(Beginning of Records shown)
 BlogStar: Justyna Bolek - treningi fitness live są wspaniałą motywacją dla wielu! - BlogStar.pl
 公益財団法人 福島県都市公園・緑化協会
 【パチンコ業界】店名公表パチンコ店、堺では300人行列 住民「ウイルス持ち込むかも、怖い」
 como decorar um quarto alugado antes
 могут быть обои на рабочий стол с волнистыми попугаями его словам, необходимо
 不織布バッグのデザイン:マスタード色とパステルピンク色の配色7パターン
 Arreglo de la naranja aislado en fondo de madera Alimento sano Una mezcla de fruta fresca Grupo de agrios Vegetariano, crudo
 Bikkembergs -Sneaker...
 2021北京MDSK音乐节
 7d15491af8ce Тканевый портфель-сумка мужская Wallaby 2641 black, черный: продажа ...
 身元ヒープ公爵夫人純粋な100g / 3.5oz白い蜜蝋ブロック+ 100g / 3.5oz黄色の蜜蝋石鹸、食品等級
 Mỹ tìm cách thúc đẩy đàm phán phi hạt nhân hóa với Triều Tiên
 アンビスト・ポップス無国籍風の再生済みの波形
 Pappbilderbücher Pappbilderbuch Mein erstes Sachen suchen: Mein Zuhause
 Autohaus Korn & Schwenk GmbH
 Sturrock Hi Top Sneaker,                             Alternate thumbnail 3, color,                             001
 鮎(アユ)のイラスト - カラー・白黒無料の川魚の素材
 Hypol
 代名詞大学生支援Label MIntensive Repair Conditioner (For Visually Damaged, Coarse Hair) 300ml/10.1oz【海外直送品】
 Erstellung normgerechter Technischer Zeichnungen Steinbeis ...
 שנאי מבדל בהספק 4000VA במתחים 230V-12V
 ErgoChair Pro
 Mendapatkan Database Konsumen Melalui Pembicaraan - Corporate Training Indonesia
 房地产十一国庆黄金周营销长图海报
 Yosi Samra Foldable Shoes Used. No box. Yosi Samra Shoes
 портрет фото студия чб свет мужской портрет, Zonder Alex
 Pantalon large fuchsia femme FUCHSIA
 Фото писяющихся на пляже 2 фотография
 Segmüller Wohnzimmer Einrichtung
(End of Records shown)
§ Work required
Give the records above again, word for word.

§ Exercise result
 BlogStar: Justyna Bolek - treningi fitness live są wspaniałą motywacją dla wielu! - BlogStar.pl
 公益財団法人 福島県都市公園・緑化協会
 【パチンコ業界】店名公表パチンコ店、堺では300人行列 住民「ウイルス持ち込むかも、怖い」
 como decorar um quarto alugado antes
 могут быть обои на рабочий стол с волнистыми попугаями его словам, необходимо
 不織布バッグのデザイン:マスタード色とパステルピンク色の配色7パターン
 Arreglo de la naranja aislado en fondo de madera Alimento sano Una mezcla de fruta fresca Grupo de agrios Vegetariano, crudo
 Bikkembergs -Sneaker...
 2021北京MDSK音乐节
 7d15491af8ce Тканевый портфель-сумка мужская Wallaby 2641 black, черный: продажа ...
 身元ヒープ公爵夫人純粋な100g / 3.5oz白い蜜蝋ブロック+ 100g / 3.5oz黄色の蜜蝋石鹸、食品等級
 Mỹ tìm cách thúc đẩy đàm phán phi hạt nhân hóa với Triều Tiên
 アンビスト・ポップス無国籍風の再生済みの波形
 Pappbilderbücher Pappbilderbuch Mein erstes Sachen suchen: Mein Zuhause
 Autohaus Korn & Schwenk GmbH
 Sturrock Hi Top Sneaker,                             Alternate thumbnail 3, color,                             001
 鮎(アユ)のイラスト - カラー・白黒無料の川魚の素材
 Hypol
 代名詞大学生支援Label MIntensive Repair Conditioner (For Visually Damaged, Coarse Hair) 300ml/10.1oz【海外直送品】
 Erstellung normgerechter Technischer Zeichnungen Steinbeis ...
 שנאי מבדל בהספק 4000VA במתחים 230V-12V
 ErgoChair Pro
 Mendapatkan Database Konsumen Melalui Pembicaraan - Corporate Training Indonesia
 房地产十一国庆黄金周营销长图海报
 Yosi Samra Foldable Shoes Used. No box. Yosi Samra Shoes
 портрет фото студия чб свет мужской портрет, Zonder Alex
 Pantalon large fuchsia femme FUCHSIA
 Фото писяющихся на пляже 2 фотография
 Segmüller Wohnzimmer Einrichtung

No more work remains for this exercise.